“I want to walk around campus and check my email on my phone. I don’t want to have to think about it.” That about sums up Joseph Paul Cohen’s motivation for creating the UMB Autologin app, now available for free on the Android market.
Without Cohen’s app, students who want to connect to the wifi network from their cell phones have to re-enter their user name and password, in a browser window, whenever they move to a different building on campus.
Cohen, a computer science (CS) Ph.D. student, was tired of repeatedly logging on throughout the day, so he created an app to automate the process for Android phones.
When installed, the app automatically connects to the UMB-Student network when it’s within range, bypassing the need to open a browser and reenter a username and password.
“You put your credentials in the settings page of the app, and then they stay there,” Cohen explained. “Then when your phone encounters one of the UMB captive portals, it sends the credentials and logs you in.”
Cohen based his app on a similar one he found on the Android market, created for the Starbucks wireless network. It took him about six hours to write the code.
“This app caters to the people who say to themselves: ‘I don’t need to spend an extra 30 dollars a month on a data plan, when I can just use the wifi for free.’ It makes it easier for them to make that choice,” Cohen said. “People who have a data plan don’t care, but the people who constantly run into this issue – they’re excited.”
“Holy crap, it’s useful,” said Christian deTorres, an instructional technologist at UMass Boston and an alumnus. “If the University can’t or won’t remove the need for the app, they should at least have the help desk point frustrated students to it, albeit with the caveat that it is not official or supported. And best of all, it’s a mobile app developed by one of our own students.”
DeToress does have some reservations. Although he personally doesn’t think the app is un-secure, he says that theoretically it could be used for phishing. “Cohen makes the source code available,” deToress said. “But how do we know the compiled version available on the Google Play store doesn’t contain additional elements?”
Addressing these concerns, Cohen responded, “if there was something like that in the app, would I put my name all over it? Everyone takes that risk with every app.”
Cohen also pointed out that the same issue exists with the system that the university currently has in place. The captive portal login page for the UMB-Student network doesn’t use a signed certificate. This is the reason that most browsers warn users before loading the login page.
“Anyone can pretend to be the login page,” Cohen said.
Cohen is facing some resistance from the campus IT department. CS students can create their own webpages on the department’s website (www.cs.umb.edu), where they often post their resumes and projects. When Cohen uploaded the autologin app to his webpage on the CS server, IT asked the CS department to take his page down.
Cohen removed the app from the page and made it available on the Android marketplace instead. Despite his cooperation, Cohen’s page on the CS website is still down two weeks later.
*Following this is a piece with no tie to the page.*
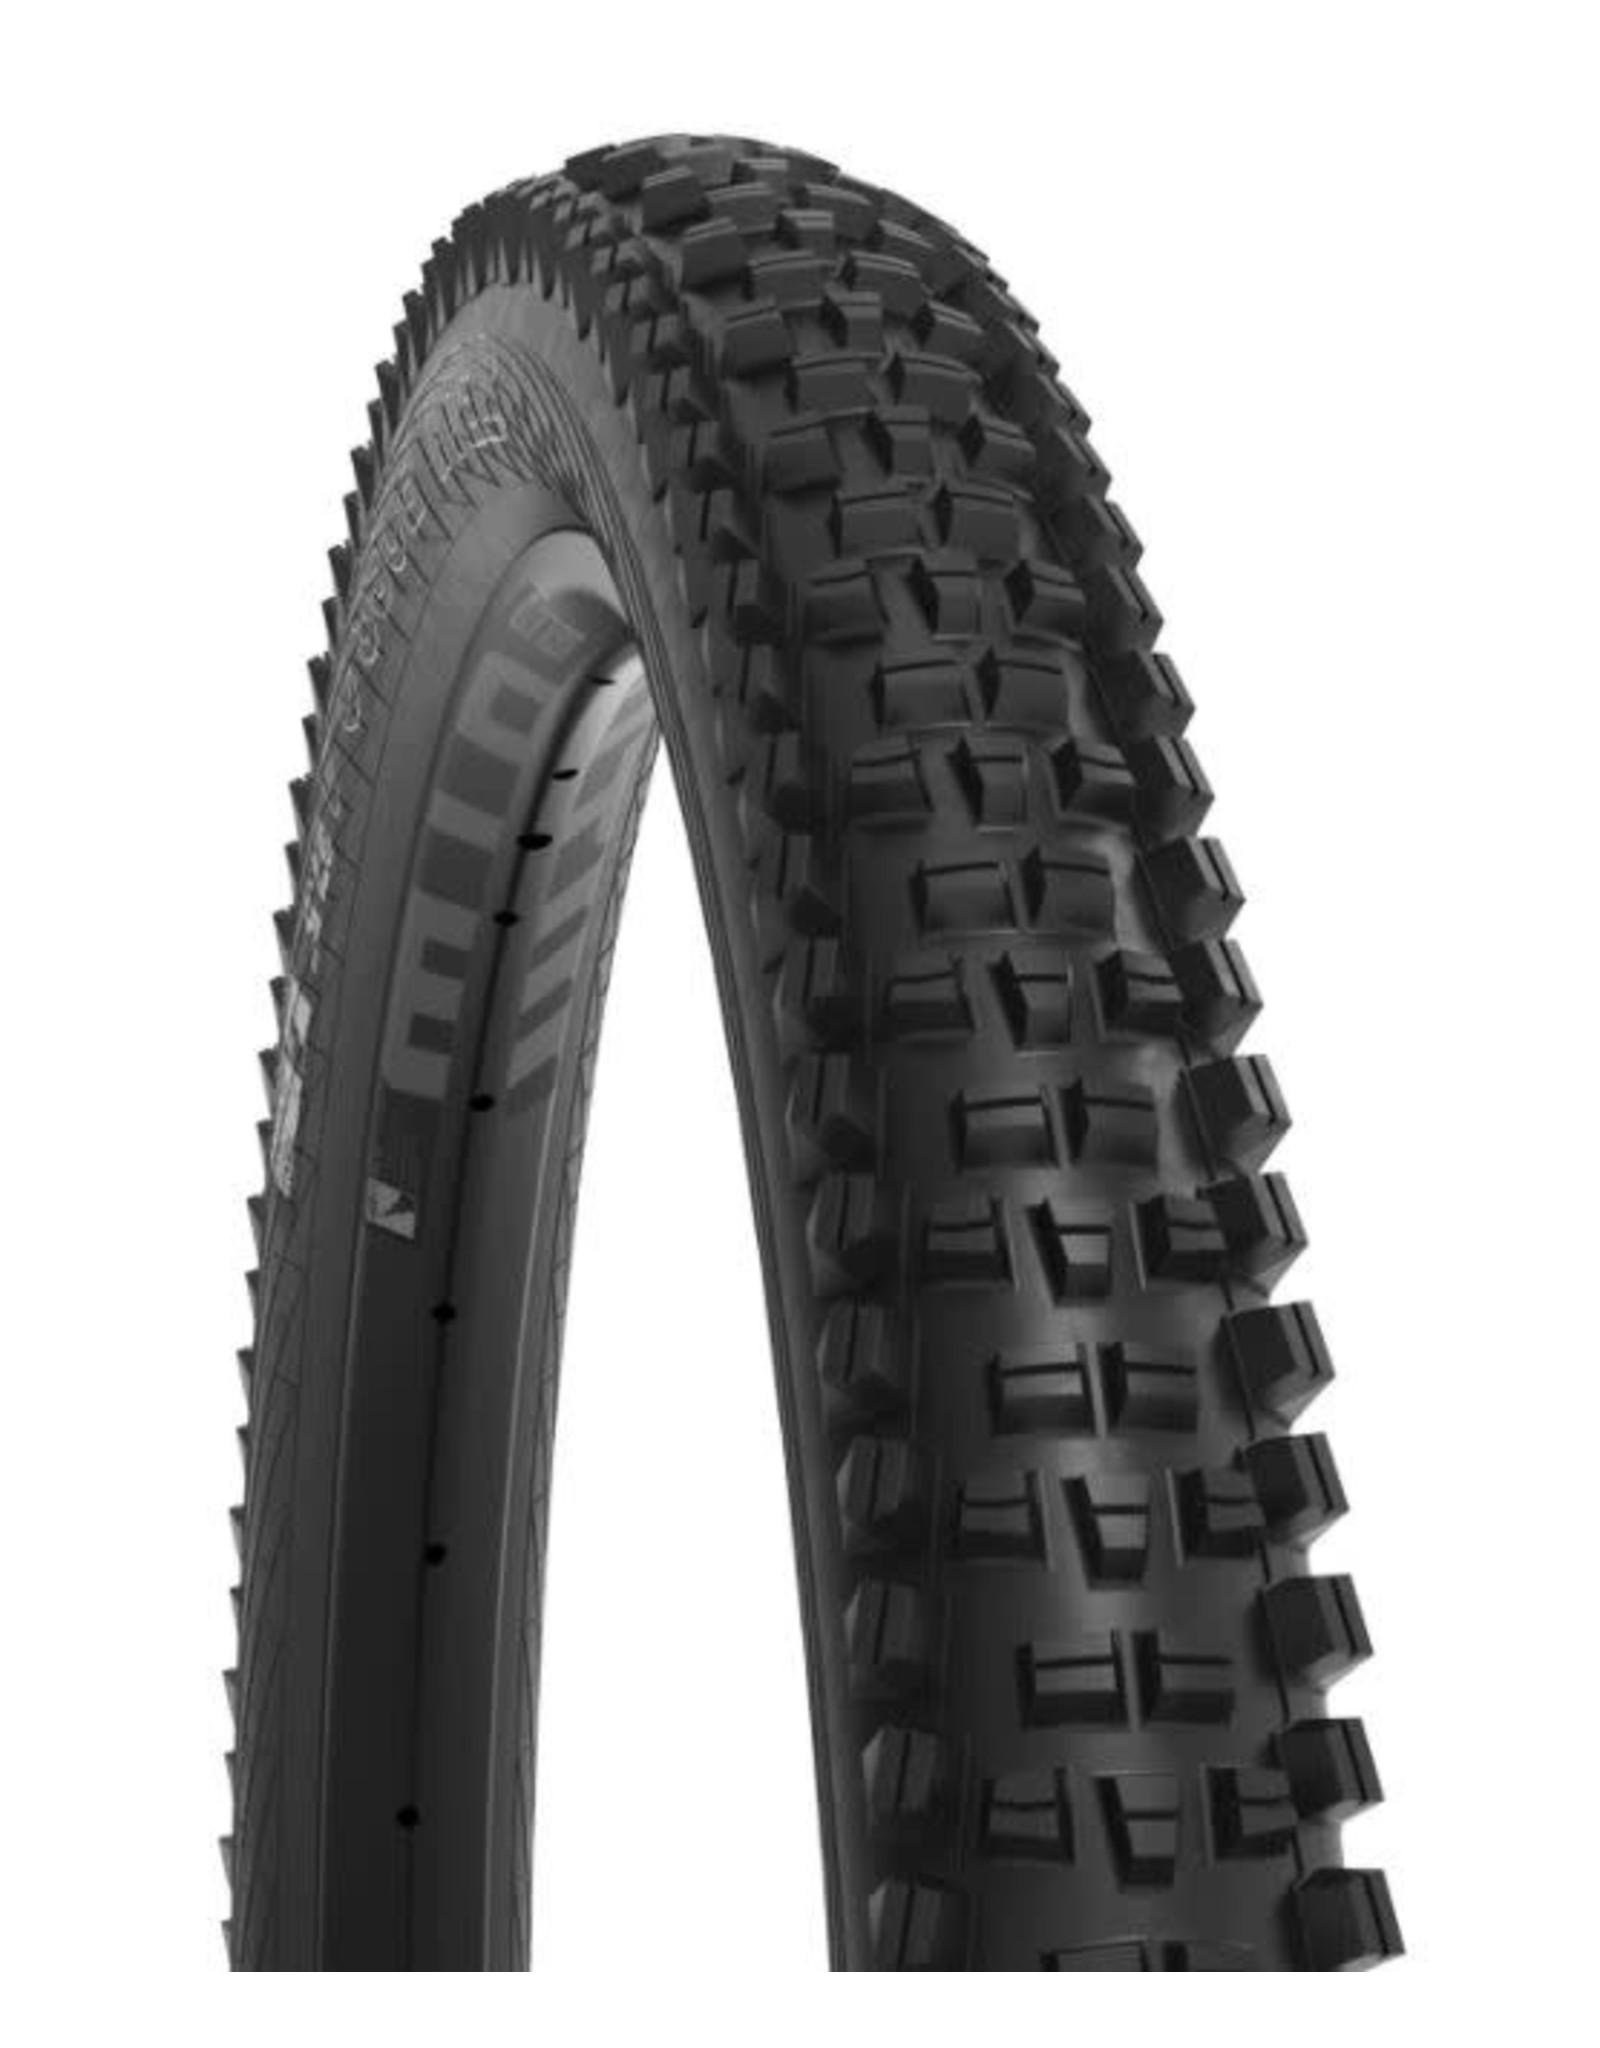 WTB WTB Trail Boss 27.5x2.4 TCS Fast Roll Tire

The Mass Media contacted IT Security Administrator Robert Sarao, who replied that “there will be no comments whatsoever on this issue at this time.” The office of community relations also did not comment.
It is not clear when Cohen’s page will go online again, and why it was taken down in the first place.
Cohen’s history with the IT department is complicated. When the university introduced the Enterasys wireless security system in 2010, Cohen started a petition against it. Enterasys was a login agent that students had to install on their computers in order to connect on campus. It was poorly received by the majority of the campus community, and was discontinued after a year.